In February I wrote here “Dynasties don’t last much longer than this in general, so there’s every prospect of a dip in fortunes at the very least.” Thanks very much Nostradamus. So, you can blame me for the Tiges nosedive in 2021. But like 2017 and 2019, we did not lose in September.
You can also blame me for the huge gaps in TTBB this season. I have struggled for motivation, for time and sometimes for positivity. The team has had some terrible performances, sure. But in the past I think we would have been on here spewing words to dissect these losses and demand Liam McBean come into the side. I didn’t want to think about AFL footy so much this year. But that’s what this site is all about, so please accept my apology that I just wasn’t able to do it at times in 2021.

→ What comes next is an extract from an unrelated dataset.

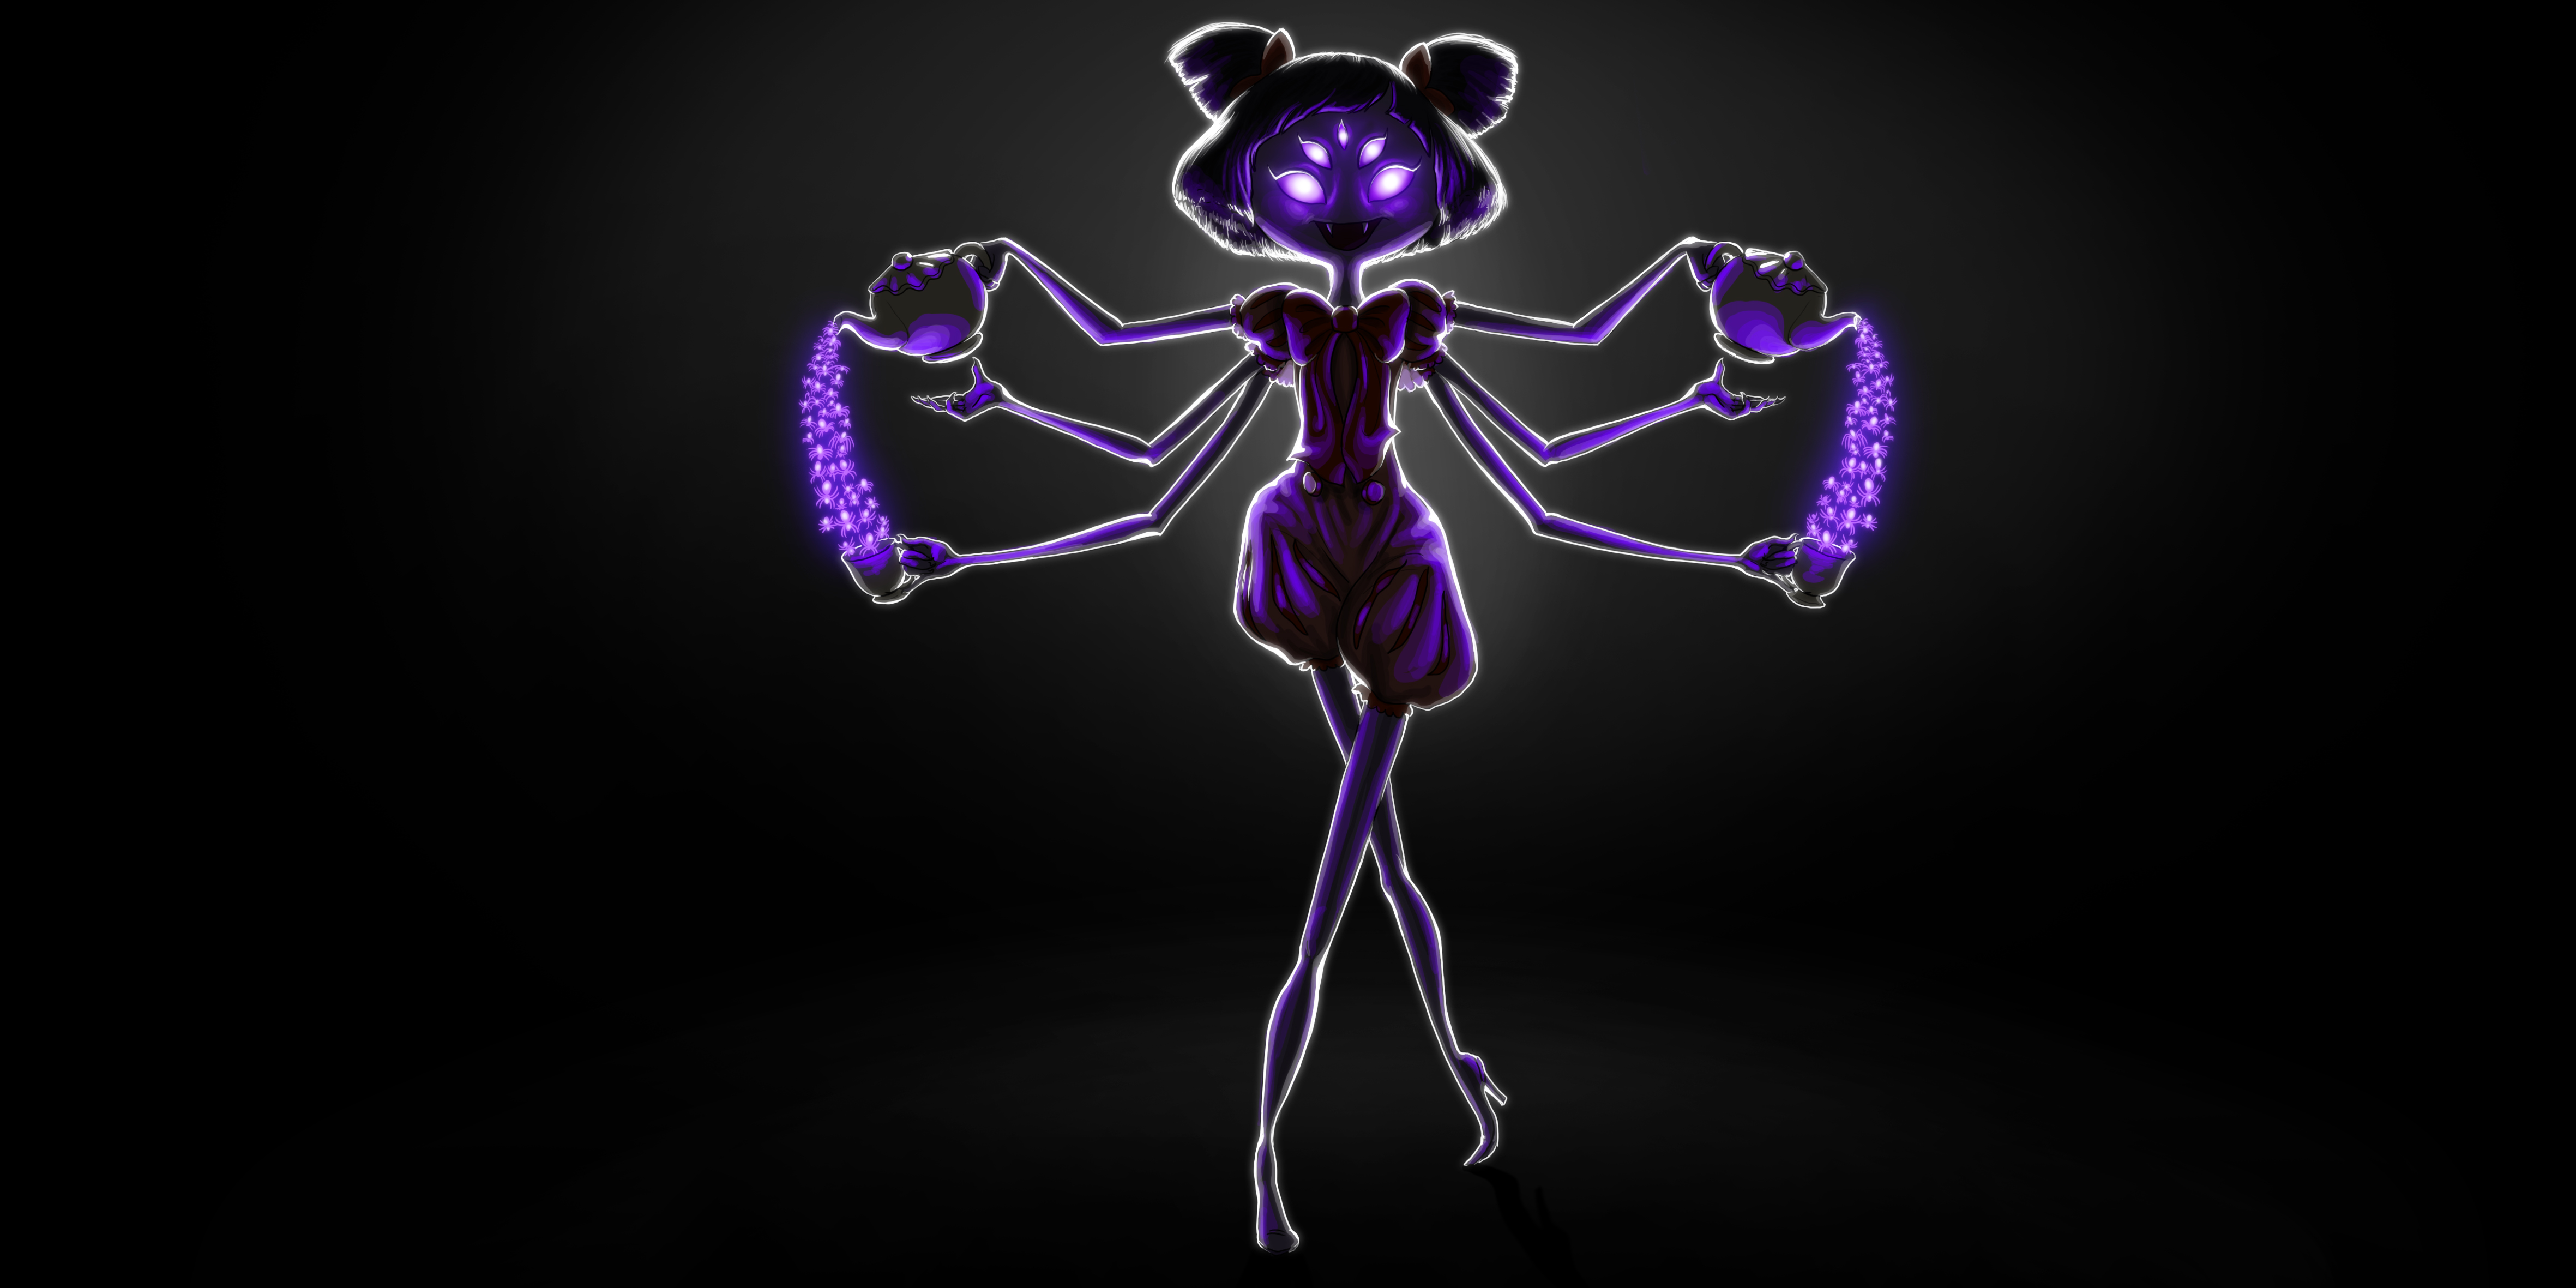 Muffet - Would you like a cup of spiders? by leda456

During lockdowns, and all the other difficulties and limitations the pandemic has imposed; football and sport generally has played an important part in giving people a distraction and something to look forward to. The AFL has been flexible, shipping games here and there, playing in front of low or no crowds, the show must go on. This meant that for some Melbourne footy lovers, the unthinkable happened: their side played in a Grand Final that they were barred from attending. Not just “tickets are scarce” but – you’re barred. And they couldn’t even congregate to watch together because of restrictions on indoor gatherings.
I am not convinced AFL footy should have gone ahead this year. I do not have a persuasive argument for this case; it’s just a feeling that dogged me through the season. I am in Tasmania, where we have only had isolated single Covid cases bob up over the last year. I could go to local footy, with its small crowds. It felt good to be keeping the flame burning for all the people who would have done anything to be able to stand in the wind and rain and yell ‘ballllllll’.
The AFL with its interstate travel and huge payrolls is so much more than a sport. It’s too big to fail. The stock market would actually take a hit if the AFL was cancelled for a year. TV would have panicked as they did when sports started cancelling in 2020. AFL 2021 was always going to crash through no matter what. I was in the privileged position where I could go to a game, watch the Hobart Tigers lose, come home satisfied and just absorb the AFL on the radio or in the paper. Didn’t watch it much.
I don’t know how we’ll do in 2022, or how I’ll feel when round 1 is approaching. Nostradamus needs to go up on the roof and fiddle with the aerial to the crystal ball.
I do want to thank, from the bottom of my heart, David Astbury and Bachar Houli. Two wonderful men that have been ornaments to Richmond Football Club and to the game. Football has given them a platform and a career to this point; I expect we will hear a lot more from them in the years to come.
Bachar has his Foundation and we know he’ll continue to do his amazing community work; which I think of as stitching Muslim Australians into the wider fabric of Australia. David comes across as such a deep thinker, a humanist and an optimist. I hope we will have further opportunities to hear him speak – whatever his public role.